And he was played in midfield by England against Andorra. The experiment was aborted after 45 minutes, when the game of musical chairs among right-backs continued as Reece James moved into midfield.

It was a harmless trial – if England could not test a theory against Andorra, when can they? – but it seemed to show that a converted midfielder is now a full-time right-back. “Clearly in the second half he has been in more of those positions where he felt more comfortable,” Gareth Southgate said. “Even though a lot of the time it was the same positions he was in in the first half but just he's coming onto things, he looked happier.”

Alexander-Arnold has become accustomed to seeing the match ahead of him. His finest moment as a midfielder was a 50-yard diagonal ball, an example of his wonderful passing range, but it came from a spot he tends to occupy as a right-back. As a midfielder, he was often bypassed and overshadowed by Jude Bellingham. Liverpool’s narrow tactics mean their full-backs can be afforded acres of room. Alexander-Arnold found it harder to find space in a congested midfield.

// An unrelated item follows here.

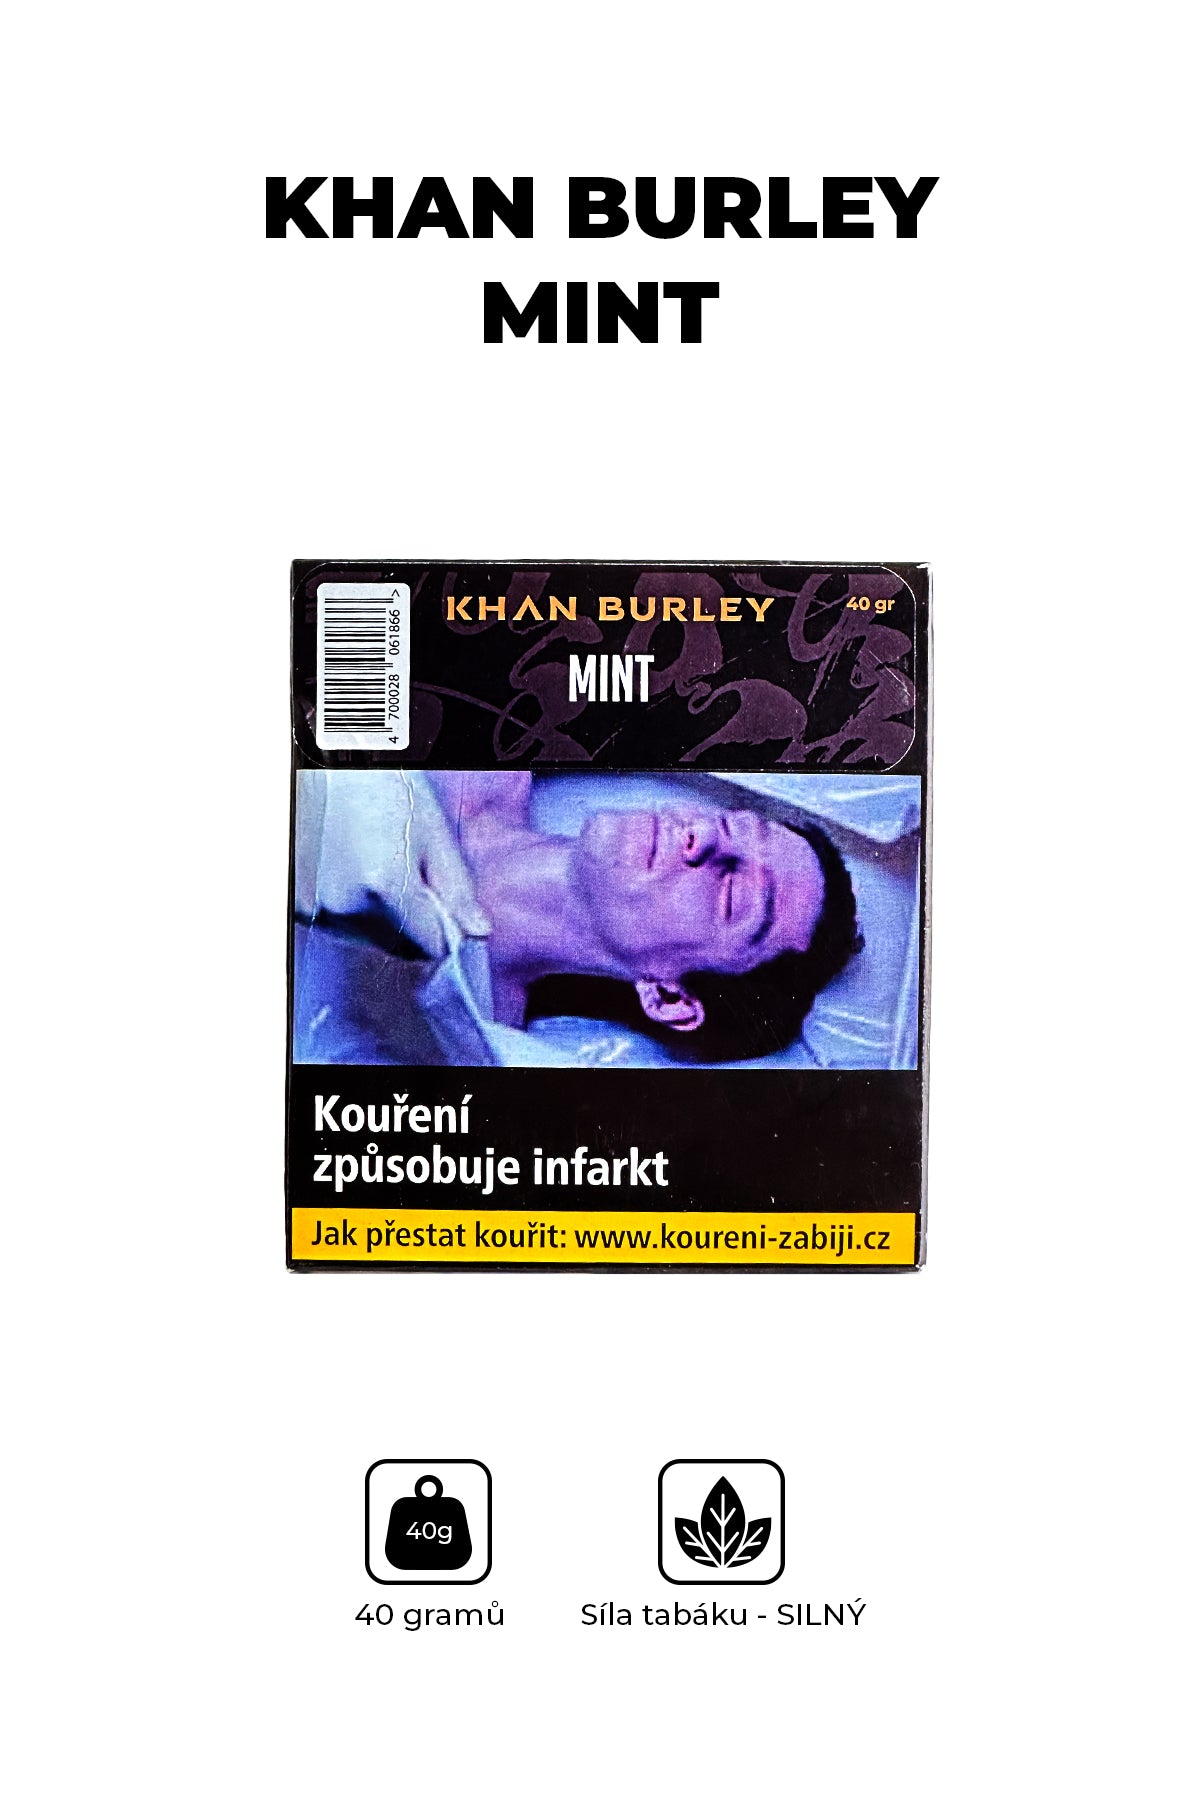 Tabák - Khan Burley 40g - Mint

Perhaps it was a victory for Jamie Carragher over Gary Lineker. The 1986 World Cup Golden Boot winner argued last week: “The best passer in English football. He should be playing, like he did as a kid, in midfield.”

Carragher responded: “No, he shouldn’t, full-backs get more of the ball than anyone and a bit more time on it to pick out their passes. The way [Jurgen] Klopp sets up, he’s virtually a midfielder in possession anyway.”

England player ratings v Andorra

The notion of Alexander-Arnold as an English Kevin de Bruyne is seductive. The Belgian and the Englishman can be twinned at the top of the assist charts, each fashioning goals with magnificently menacing crosses. The fact that Alexander-Arnold, like De Bruyne, delivers some of his best balls from the inside-right channel shows he need not be tied to the touchline.

Given England’s lack of a midfield creator and luxury of riches at right-back, Alexander-Arnold appeared a fine solution on paper; on the pitch, however, it was another matter. That Southgate had originally named him among four right-backs in his Euro 2020 squad suggested his midfield bow might have come in a major tournament.

But, for the meantime, it may remain an idea. England have few friendlies. Klopp has no reason to copy them. Relocating Alexander-Arnold would remove a strength from his side, reducing their attacking armoury. There is a gulf in class to his understudy, Neco Williams. Play Joe Gomez there and he would not offer much going forward.

Now the precocious Harvey Elliott is excelling as the right-sided No 8, the role Alexander-Arnold had against Andorra. He has the potential to occupy it for years. And Klopp has won a Champions League and a Premier League without requiring midfielders with De Bruyne-esque assist numbers. Liverpool have no incentive to help England turn him back into a midfielder.